(Stored data Opens)
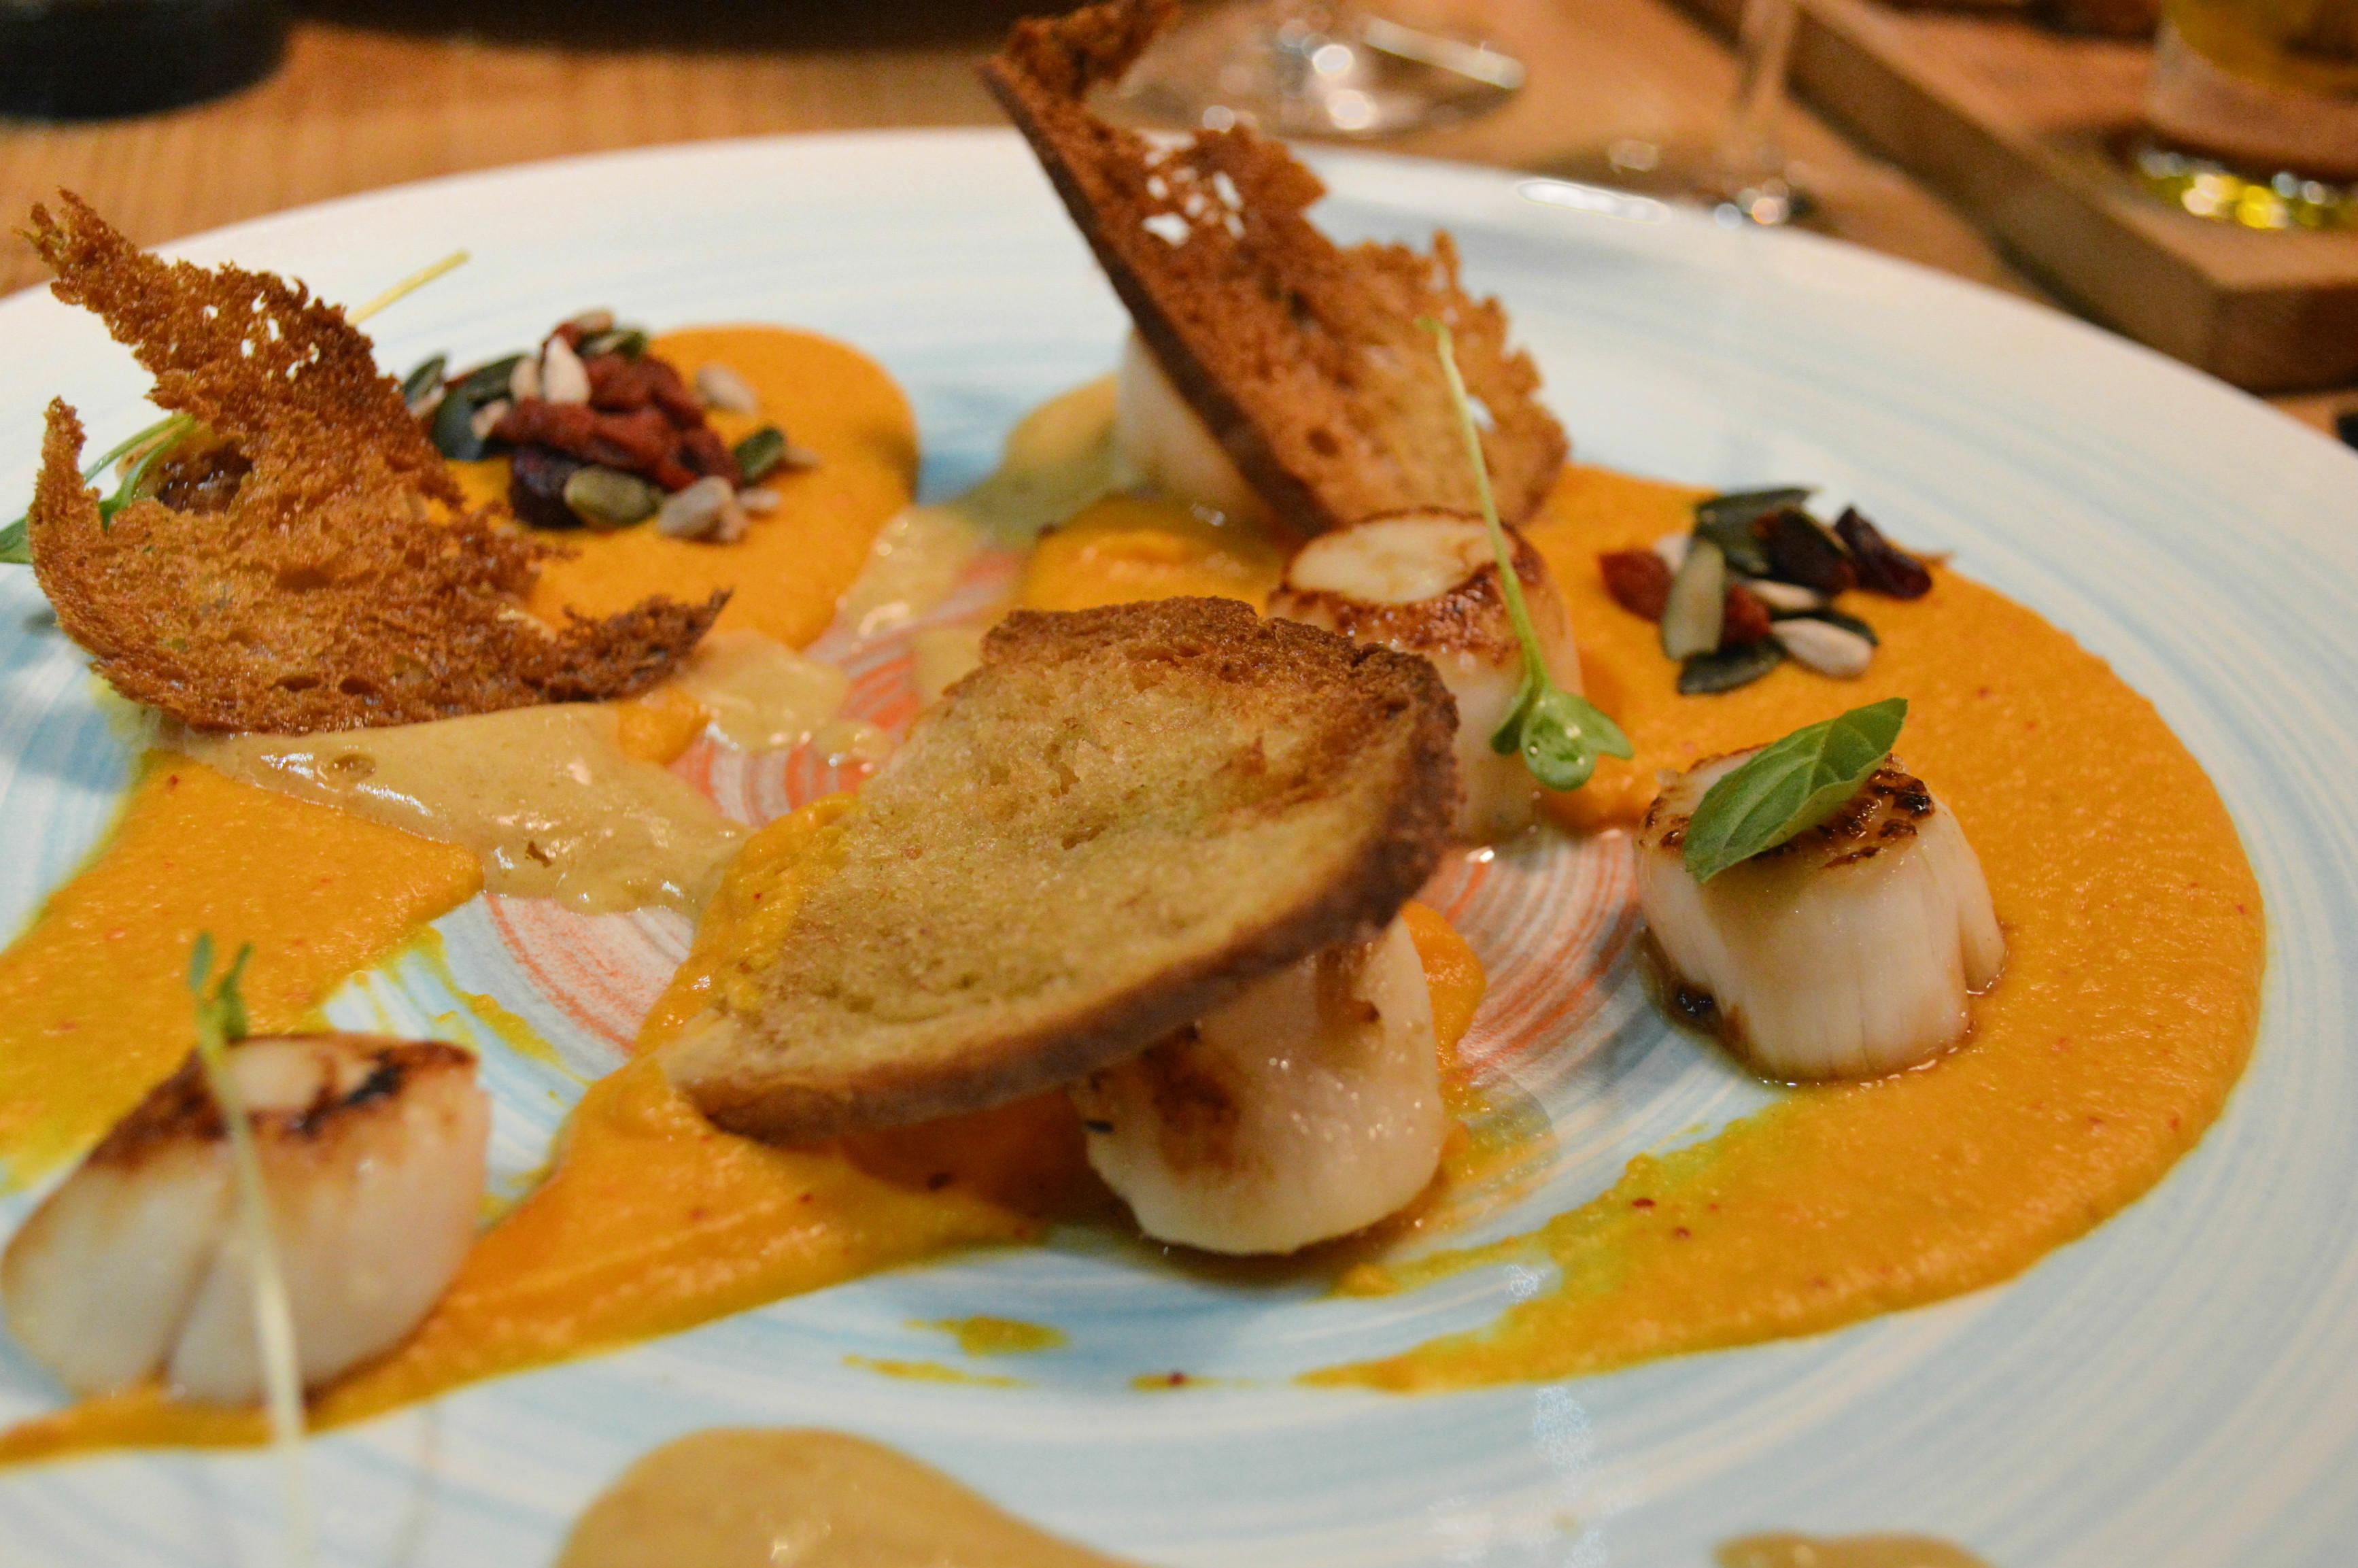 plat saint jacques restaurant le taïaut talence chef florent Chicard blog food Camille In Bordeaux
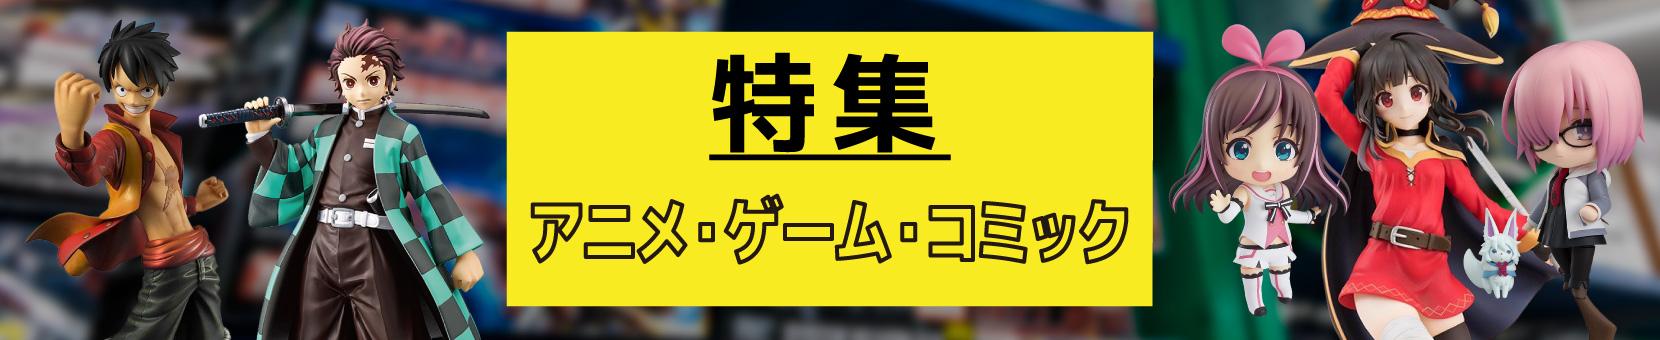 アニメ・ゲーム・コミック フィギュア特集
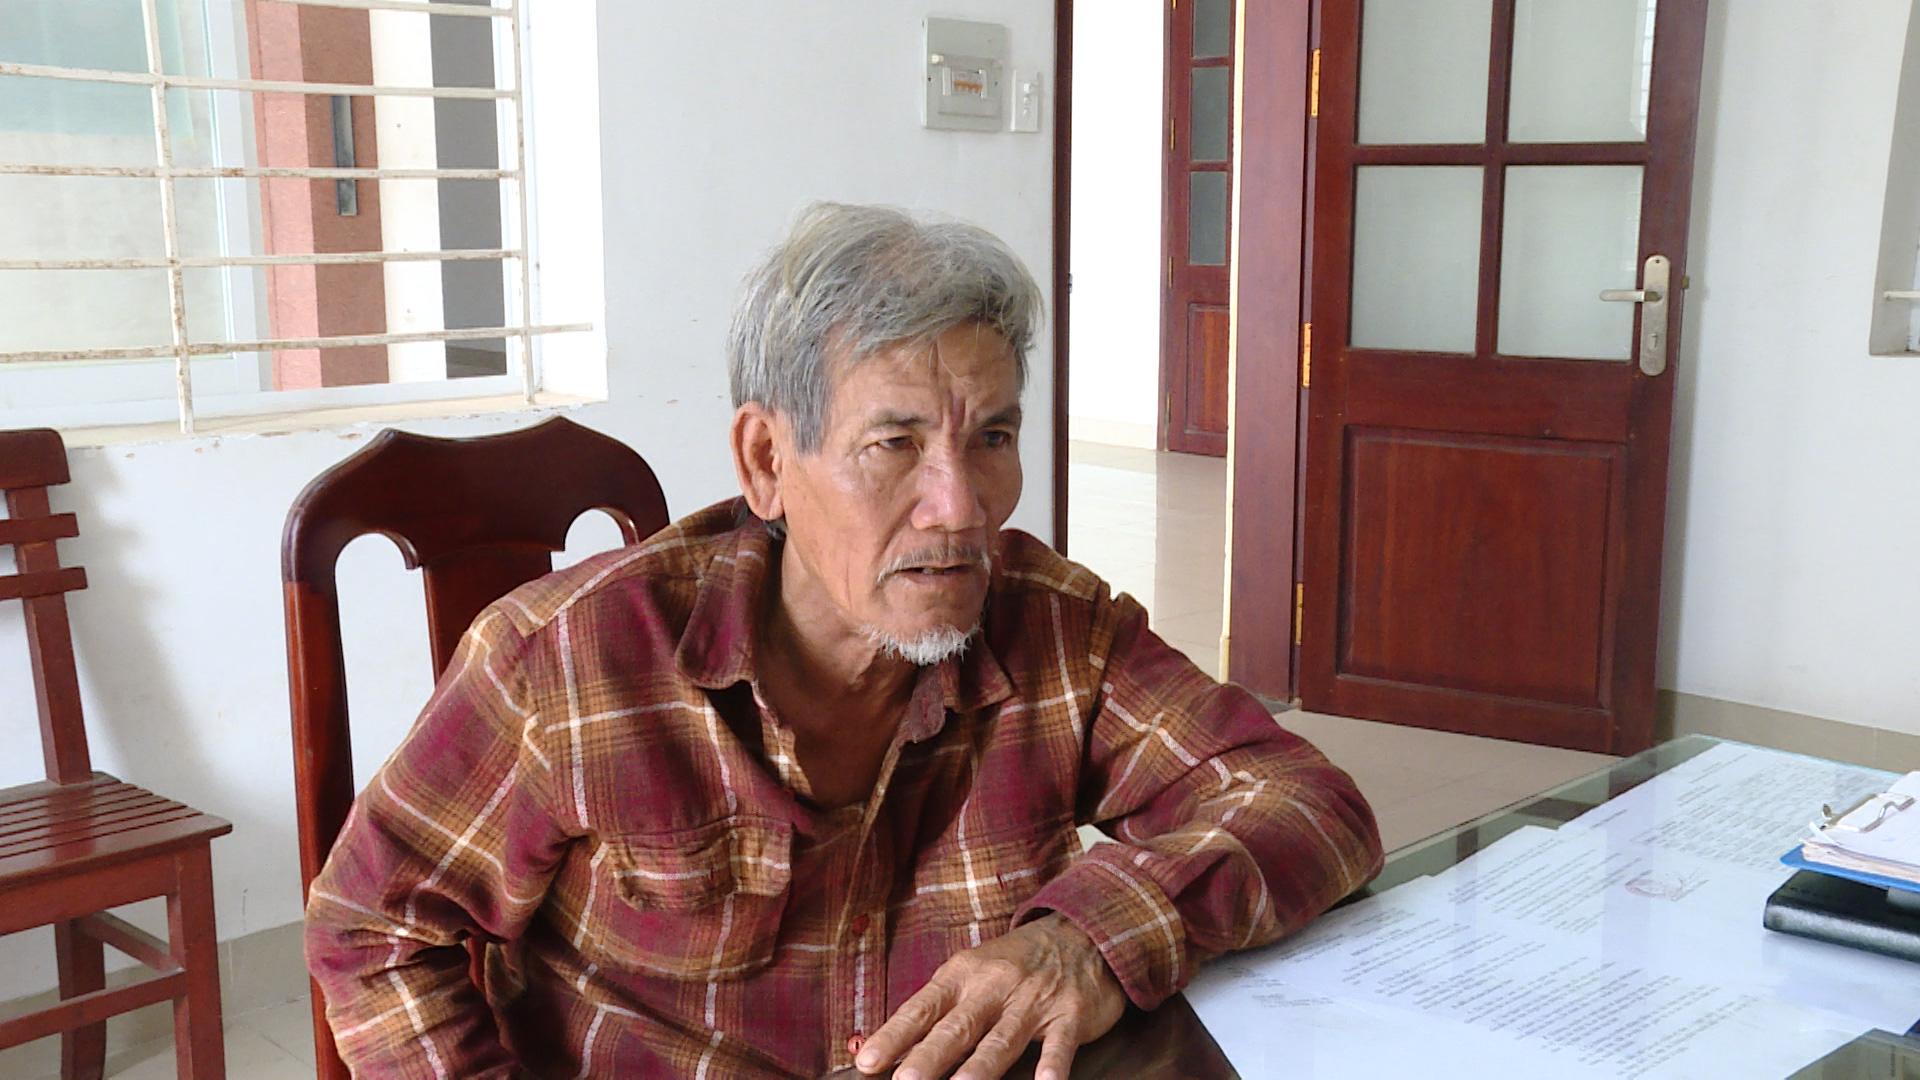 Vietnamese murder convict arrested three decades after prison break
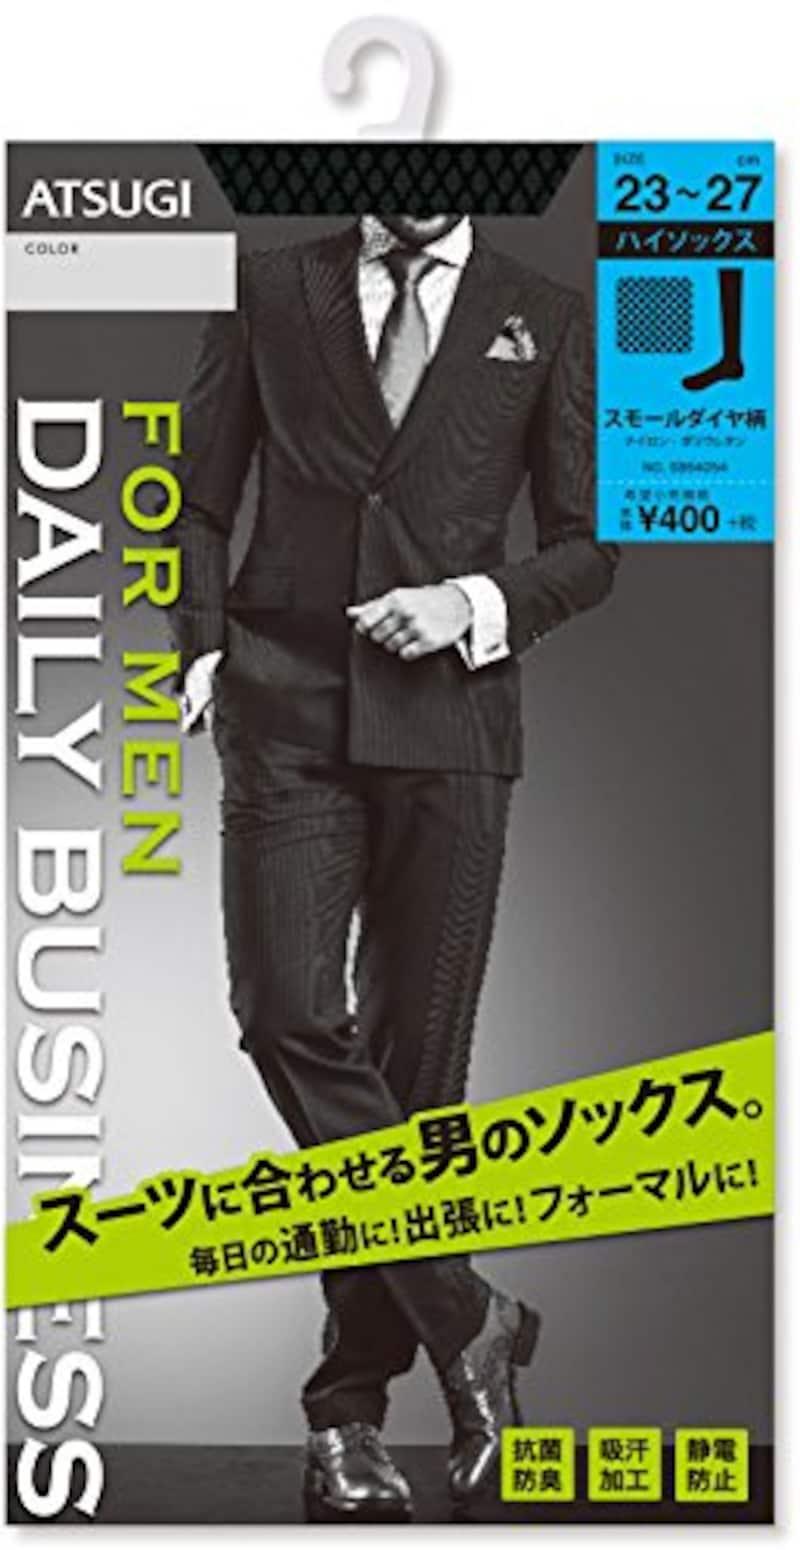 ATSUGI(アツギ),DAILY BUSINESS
(Stored data Closes)
Transcribe only the lines from the line holding "Vietnamese murder convict" to the final line of the listing above. Keep them exact, include both ends, and skip the pictures.

Answer for the task:
 Vietnamese murder convict arrested three decades after prison break
 ATSUGI(アツギ),DAILY BUSINESS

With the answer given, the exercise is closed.